It is clear some development would be needed for this to be an option; the equivalent system in Atlas has three fibres transmitting a total of 10 MB/s with a 2 mm high connector needed. Self-aligning silicon-fibre interfaces are possibilities; while we could not do significant R&D compared with the commercial sector, we could test industrial prototypes and it might be possible to apply for a PIPPS award along these lines.

Once the data are on a fibre direct from the ASIC, the idea of whether any FE electronics would be needed at all was raised, as the fibre could go 100s of metres, bypassing the FE completely. However, shipping out all the raw data to the offline seemed a very expensive overkill.

3) This suffers from the same problems as mentioned above; there is a difficulty of monitoring the

pedestals as well as the complexity of the ASIC needed to handle the channels. Here, the ASIC would be incorporated into the VFE ASIC, but the effort needed would still be substantially bigger.

4) This option places the easiest requirements on the FE, with a corresponding increase in difficulty for the VFE (assuming the threshold is applied after the ADC). It would still need some communication of the threshold configuration from the FE to the VFE. The data rate out is clearly reduced; it would be around 400 MB/s for the slab, or 20 MB/s for each wafer/ASIC. Although easiest for transferring data from the VFE to FE, due to the low rates, it is not clear if the threshold can be reliably applied in the VFE. This scenario also looks like the situation if the MAPS were used rather than silicon diodes.

We, therefore, propose R&D for both scenario 2) and 4) because they both provide realistic solutions and have complementary applications. In favour of 2), any threshold suppression can be performed more accurately in the FPGA at the FE rather than in the VFE. For 4), the data transfer rate from the VFE and FE is significantly smaller. Scenario 4) will also provide the read-out for the MAPS technology as discussed in Section 5. A schematic of scenario 2) is shown in Fig. 2.



Figure 2: Design of VFE to FE link.

In both scenarios, we intend to set-up a mock data transfer system which requires having a test board with FPGAs linked by fibres. This will simulate a link between the VFE ASICs and the FE FPGAs. Any developed system e.g. a new VFE chip design or the MAPS set-up could also be tested in our prototype system. We will also demonstrate that the system would work for the hadronic calorimeter as well as the ECAL. This would require modifying the system to have a more

links but a lower rate. The prototype will incorporate, wherever possible, commercially available components such as Virtex-4 FPGAs [4] which has multi-gigabit serial transceivers and is compatible with 10/100/1000 Mb/s ethernet and PCI express x16 and higher.

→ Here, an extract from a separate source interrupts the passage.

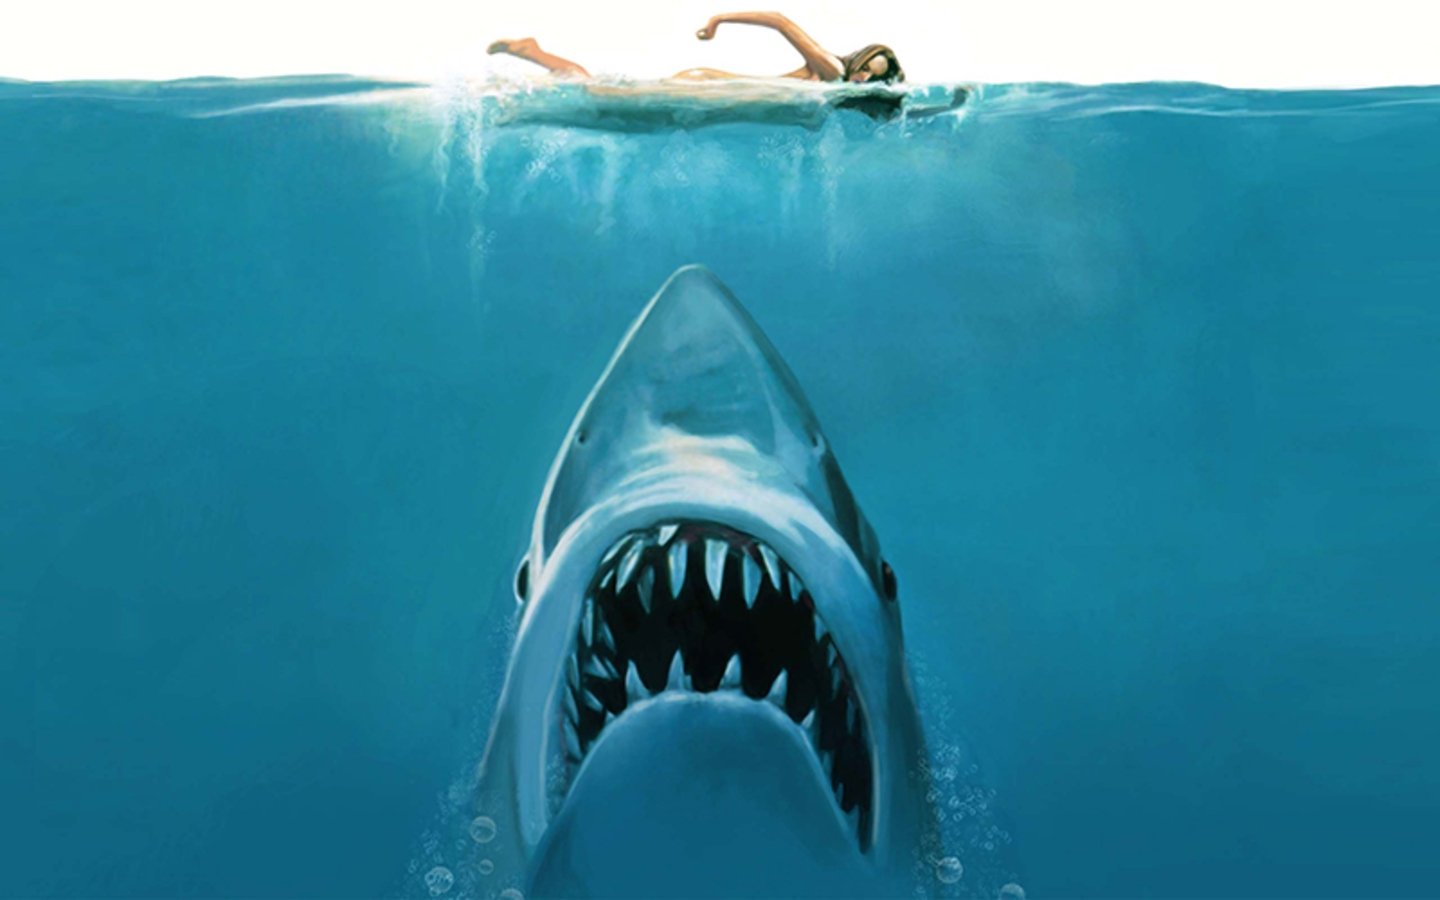 mitos-y-realidades-sobre-los-tiburones-por-que-no-hay-que-tenerles-miedo-pelicula.jpg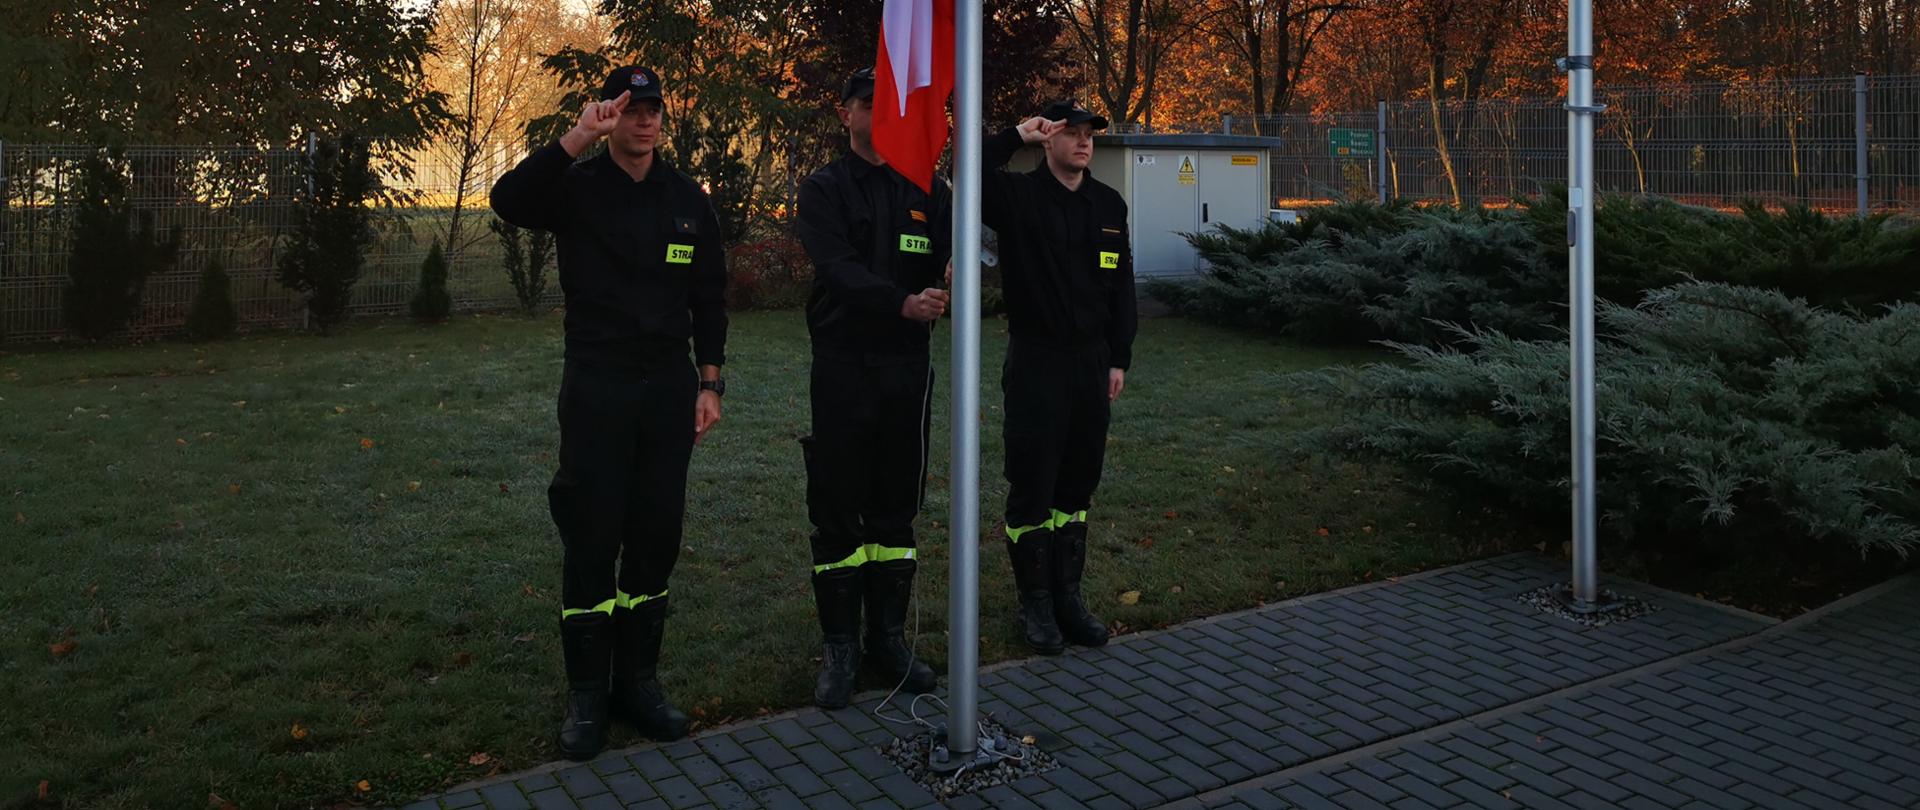 Na zdjęciu poczet flagowy przy maszcie 3 strażaków podczas wciągania flagi na maszt

#### 3.2 Data from the front-end to off-detector

This is assumed to be fibre, but could be either dedicated point-to-point to a PCI card or a direct connection to a network, using something like TCP/IP protocol running in an FPGA in the FE. The former would be straightforward and would be guaranteed to send the data volumes needed in a fixed time. The rates themselves are in all cases less than 100 MB/s so there is no problem there. There would be 10k fibres coming off the detector, which is not a large number compared to LHC experiments. Typical fibre sizes are 150  $\mu$ m plus cladding, or 250  $\mu$ m diameter total. Hence, 10k fibres would take up 2.5 m of the 12 m circumference, leaving ample room for power and cables for other detectors. For the direct connection to a network (e.g. using Gigabit ethernet), then there is a lot more flexibility about where the data are sent, allowing for hardware failures, etc., but there is no guarantee that the data will be sent before the next bunch train. No currently available network switch could in fact sustain the throughput required.

As the network solution currently sounds unfeasible, we will concentrate on the point-to-point connection from the FPGA to a PCI card. The set-up would be as follows. A fibre would be used to transport data to the PCI card, but this would first go through a passive router. The passive router would have a fast control system which knows which PCs are alive and therefore is able to send the data to a sensible place. Geographically local information would be sent by the passive router to the same PC to allow clustering of calorimeter data in the PCI card. It could also have copies of data which is sent to more than one PC allowing, for example, overlaps in clustering regions. The passive router would also allow a PCI card to send a busy signal such that data is rerouted elsewhere. The busy signal could come from some particularly large sample of hits in the calorimeter which could be of interest and need a long processing time.

Again this scenario will be prototyped and a test system set-up.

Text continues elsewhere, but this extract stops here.